Accurate quote by Briggs: “Epidemiology is the field which officially mistakes correlations for causations.” A corollary might be: all science is becoming epidemiology.

Still, with regard to the fad of attack on UPFs, there often is some essence to fads which is true. Perhaps insignificant, I’d still hazard to say that no one ever died from lack of Red Dye #3.

David A
Reply to  Kip Hansen
January 19, 2025 9:16 pm

Be careful. On the one hand the study of diet is seriously lacking in medical science. with pharmaceuticals being the answer to most issues, and this is often tragic when diet can do wonders. There are very real studies on processed seed oils, and the very high carb diets, and sugar diets, and there are very real reasons for the high and growing issues with diabetic disease, and increased cancers and heart disease.
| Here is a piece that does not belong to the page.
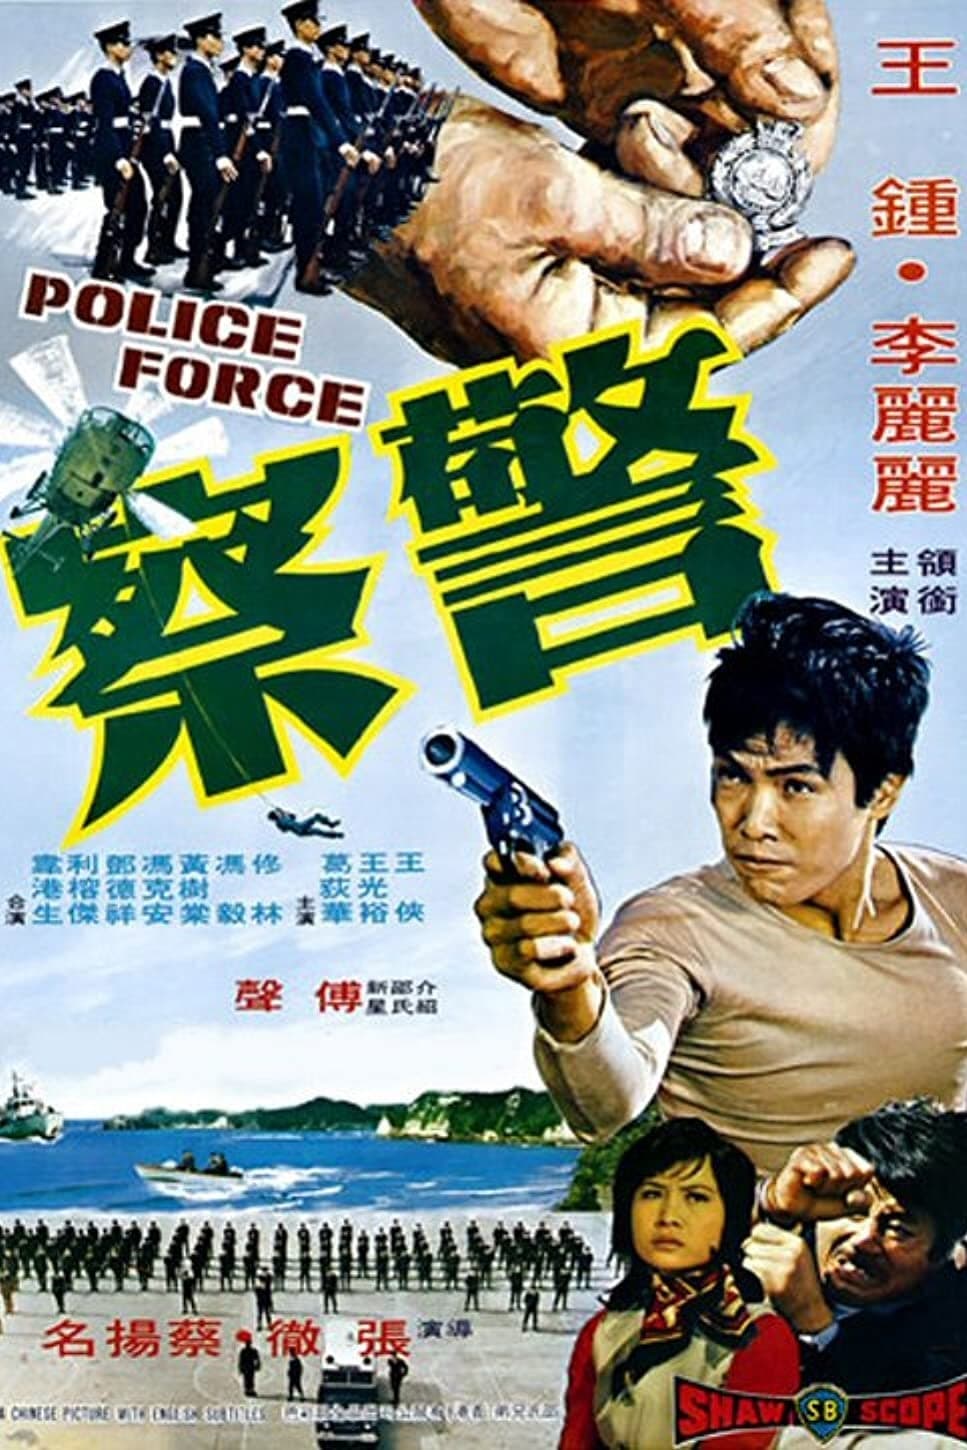 Police Force

On the other hand there appears to be some movement to blame diet for the sudden, post MRNA vaccine correlated acceleration in disparate diseases, (some of the same diseases mentioned,that are associated with the “standard American diet”) on the food industry, possibly to shelter the potential liability of both a man made virus, and the potential harms of a man made “cure”. In other words while diet has been and is a contributing factor, it is not responsible for the sudden recent acceleration in those same diseases.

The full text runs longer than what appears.